**WHAT THE TASK REQUIRES:** Only one stretch of the data below is wanted: the lines from the one with "Caja perforada con" through the one with "bls lavender big shirt.jpg", repeated exactly.

** Opening THE DATA block **

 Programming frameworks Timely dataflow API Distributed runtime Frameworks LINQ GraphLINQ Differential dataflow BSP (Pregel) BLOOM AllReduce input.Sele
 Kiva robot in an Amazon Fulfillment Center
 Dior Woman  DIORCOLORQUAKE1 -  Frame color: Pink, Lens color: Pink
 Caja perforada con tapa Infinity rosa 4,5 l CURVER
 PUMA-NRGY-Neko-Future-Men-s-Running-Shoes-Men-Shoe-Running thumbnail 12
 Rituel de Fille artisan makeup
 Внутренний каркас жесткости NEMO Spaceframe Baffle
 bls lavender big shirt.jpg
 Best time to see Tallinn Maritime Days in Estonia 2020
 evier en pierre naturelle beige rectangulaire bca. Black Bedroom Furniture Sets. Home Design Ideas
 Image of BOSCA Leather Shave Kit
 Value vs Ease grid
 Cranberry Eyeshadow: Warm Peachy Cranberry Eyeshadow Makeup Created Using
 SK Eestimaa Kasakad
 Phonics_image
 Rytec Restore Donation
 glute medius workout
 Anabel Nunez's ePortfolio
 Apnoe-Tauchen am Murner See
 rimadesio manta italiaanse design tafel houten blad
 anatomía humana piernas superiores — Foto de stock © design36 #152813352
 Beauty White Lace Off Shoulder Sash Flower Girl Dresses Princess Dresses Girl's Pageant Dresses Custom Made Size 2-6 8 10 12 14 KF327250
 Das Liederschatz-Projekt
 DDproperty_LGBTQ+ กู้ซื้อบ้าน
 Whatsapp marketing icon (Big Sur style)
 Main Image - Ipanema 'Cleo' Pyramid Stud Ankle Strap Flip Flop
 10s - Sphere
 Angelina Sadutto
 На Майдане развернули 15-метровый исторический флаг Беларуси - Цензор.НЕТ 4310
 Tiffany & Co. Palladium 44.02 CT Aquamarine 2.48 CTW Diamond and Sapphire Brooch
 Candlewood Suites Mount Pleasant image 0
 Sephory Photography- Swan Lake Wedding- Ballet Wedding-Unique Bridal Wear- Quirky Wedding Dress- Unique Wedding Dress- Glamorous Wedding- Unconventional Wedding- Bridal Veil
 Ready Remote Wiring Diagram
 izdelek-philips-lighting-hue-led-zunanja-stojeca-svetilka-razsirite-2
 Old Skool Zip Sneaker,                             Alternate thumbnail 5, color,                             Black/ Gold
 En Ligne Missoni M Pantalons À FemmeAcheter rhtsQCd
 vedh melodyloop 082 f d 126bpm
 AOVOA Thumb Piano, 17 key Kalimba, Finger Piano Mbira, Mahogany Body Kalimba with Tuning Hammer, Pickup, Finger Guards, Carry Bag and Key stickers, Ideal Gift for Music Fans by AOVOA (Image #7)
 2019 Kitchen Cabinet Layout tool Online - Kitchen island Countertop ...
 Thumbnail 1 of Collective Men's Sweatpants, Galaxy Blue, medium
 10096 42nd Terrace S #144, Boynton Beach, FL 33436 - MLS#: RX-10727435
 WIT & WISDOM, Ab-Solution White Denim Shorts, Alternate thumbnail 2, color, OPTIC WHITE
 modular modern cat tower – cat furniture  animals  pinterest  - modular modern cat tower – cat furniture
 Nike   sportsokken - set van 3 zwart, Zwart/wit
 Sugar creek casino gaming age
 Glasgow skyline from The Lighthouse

** Closing THE DATA block **

**THE COMPLETED TASK:**
 Caja perforada con tapa Infinity rosa 4,5 l CURVER
 PUMA-NRGY-Neko-Future-Men-s-Running-Shoes-Men-Shoe-Running thumbnail 12
 Rituel de Fille artisan makeup
 Внутренний каркас жесткости NEMO Spaceframe Baffle
 bls lavender big shirt.jpg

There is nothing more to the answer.